= UNNExT =

Trade organisation in Asia and the Pacific

The United Nations Network of Experts for Paperless Trade and Transport in Asia and the Pacific (UNNExT) is a community of trade facilitation specialists and practitioners focusing on simplifying import, export and transit procedures by enabling traders and governments to exchange information electronically and through automated and integrated systems, including national and regional Single window. The Network has made significant contributions to the development of trade facilitation and paperless trade in the region.

==History and evolution==

Launched by the United Nations Economic and Social Commission for Asia and the Pacific in cooperation with United Nations Economic Commission for Europe in 2009, early work of the Community focused on building capacity of developing countries on fundamental issues associated with single window and paperless trade system development, such as business process analysis of trade procedures, data harmonization, and legal framework development.

Initially referred to as the UN Network of Experts for Paperless Trade in Asia-Pacific “Transport” was added to the full name of the network in 2014 in recognition of the importance of transit facilitation and transport-related procedures for the many landlocked developing countries members of ESCAP, particularly those in Central Asia.
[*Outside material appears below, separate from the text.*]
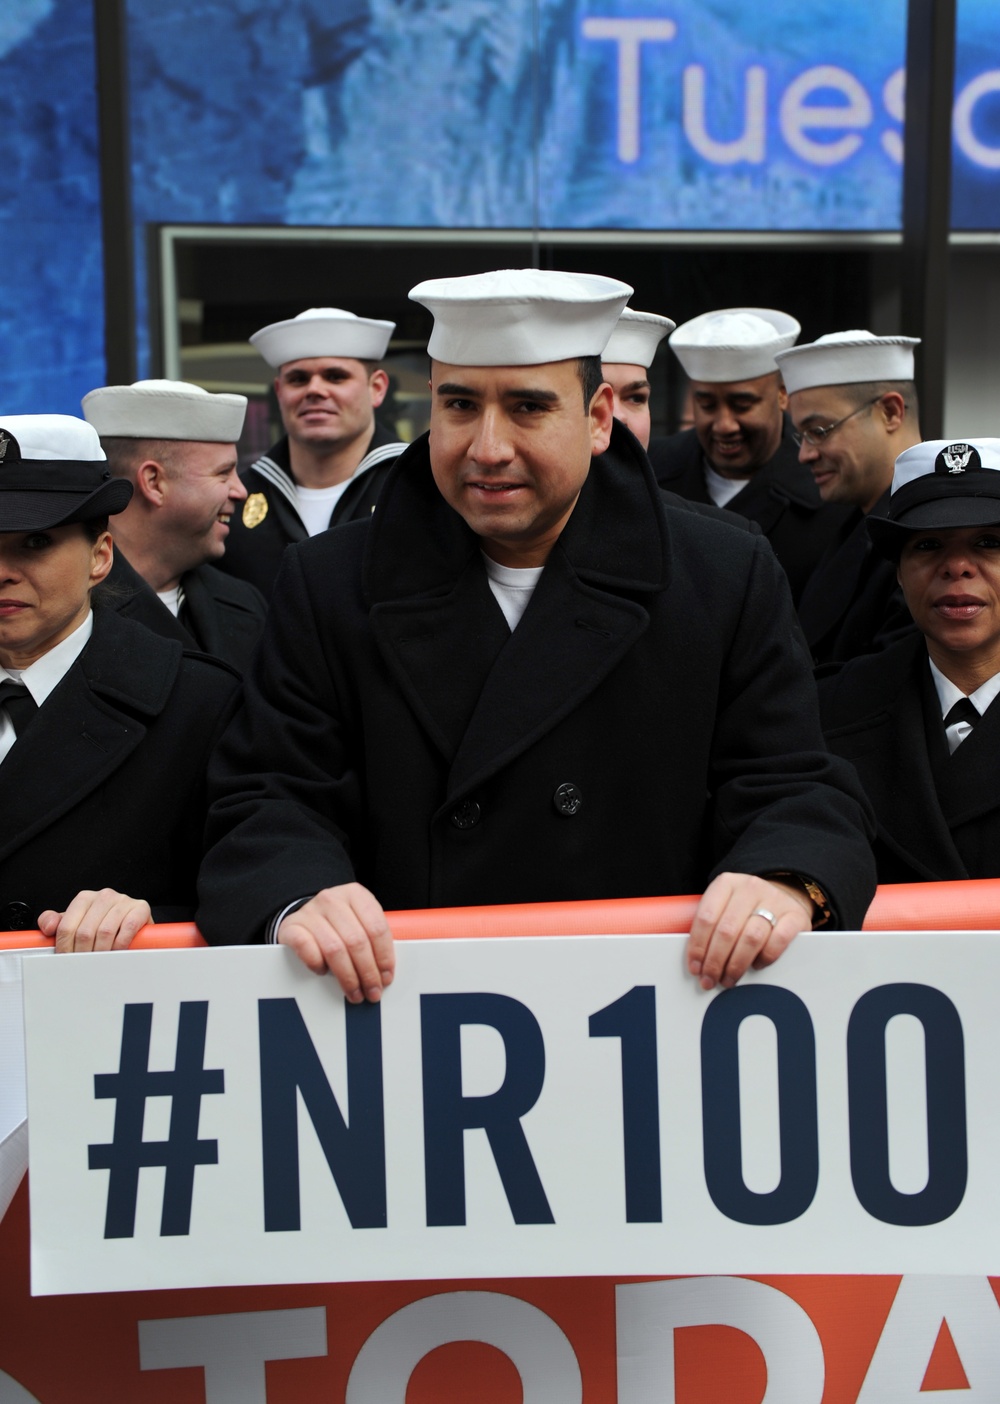 Navy Reserve centennial
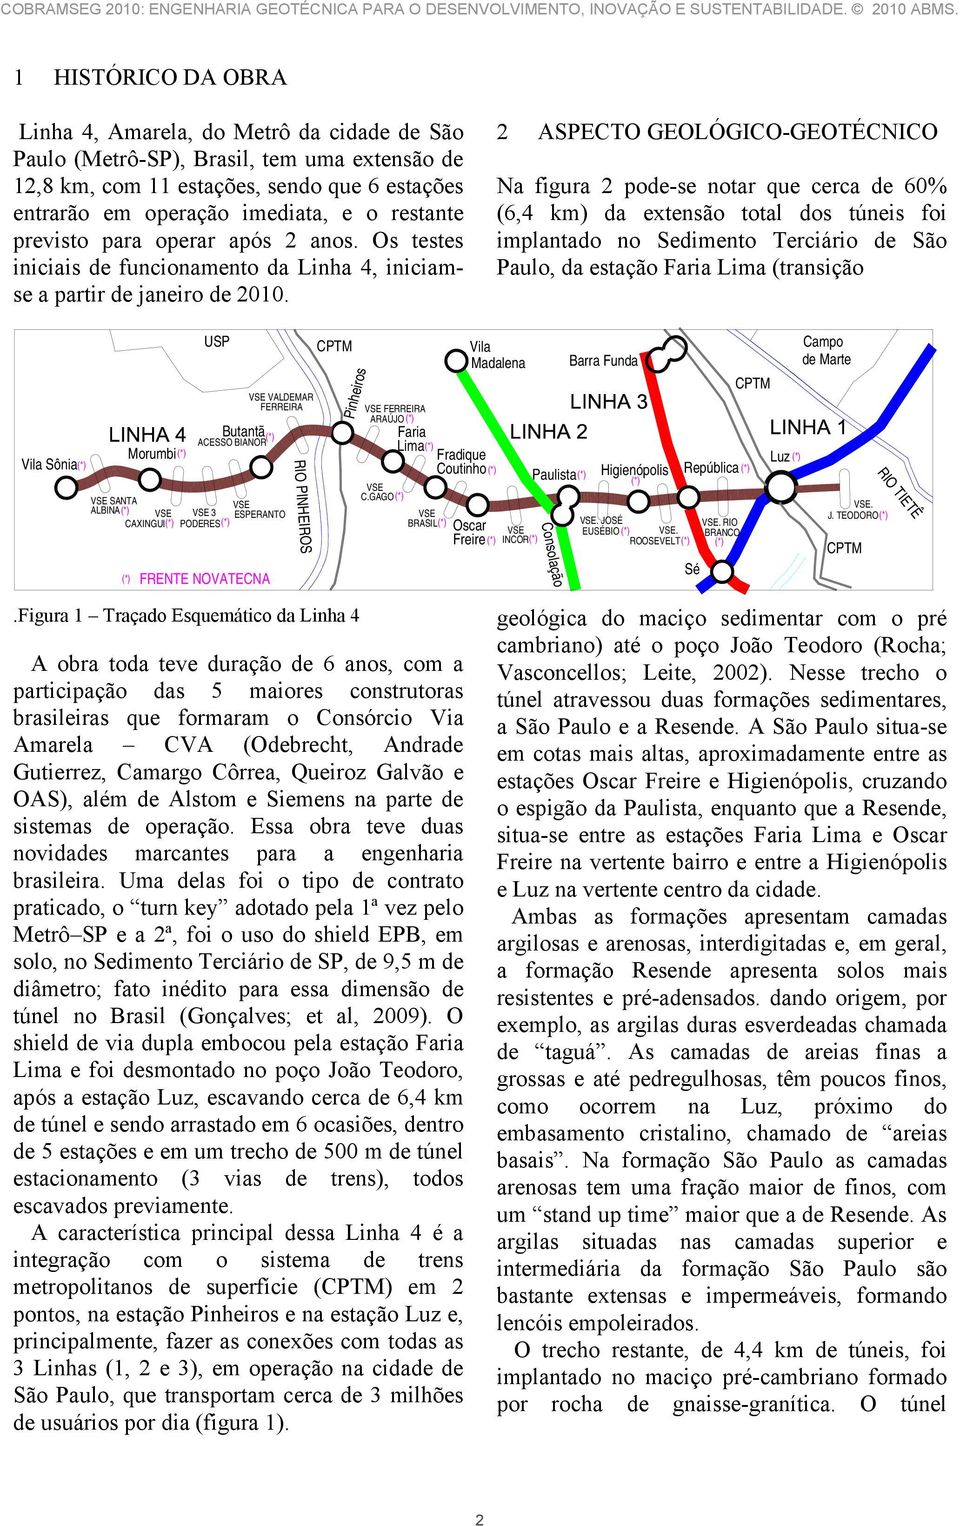 2 ASPECTO GEOLÓGICO-GEOTÉCNICO Na figura 2 pode-se notar que cerca de 60% (6,4 km) da extensão total dos túneis foi implantado no Sedimento Terciário de São Paulo, da estação Faria Lima (transição

Taking into account the importance of small and medium-sized enterprises and agriculture for the sustainable and inclusive development of the region, recent work of the Network has increasingly focused on these two sectors since 2012.

With the growing interest and investment of Governments in the development of national single window and related paperless trade systems, addressing the issue of system interoperability and the need to enable electronic exchange and legal recognition of data and documents across borders has become more pressing. A UNNExT Advisory Group dedicated to this issue was set up in 2013 and provided significant support in the development of the “Framework Agreement on Facilitation of Cross-Border Paperless Trade in Asia and the Pacific”, a new United Nations treaty open for signature to 53 ESCAP member states starting 1 October 2016.

The continuous demand for capacity building on paperless trade and trade facilitation has led the network to develop online training and certification programmes, with a first e-learning series on "Business Process Analysis for Trade Facilitation" launched in 2015.

As emphasized in the UNNExT-supported 7th Asia-Pacific Trade Facilitation Forum held in Wuhan, China in 2015, there are strong linkages between paperless trade and e-commerce and future work of the network is expected to address procedural bottlenecks to cross-border e-commerce.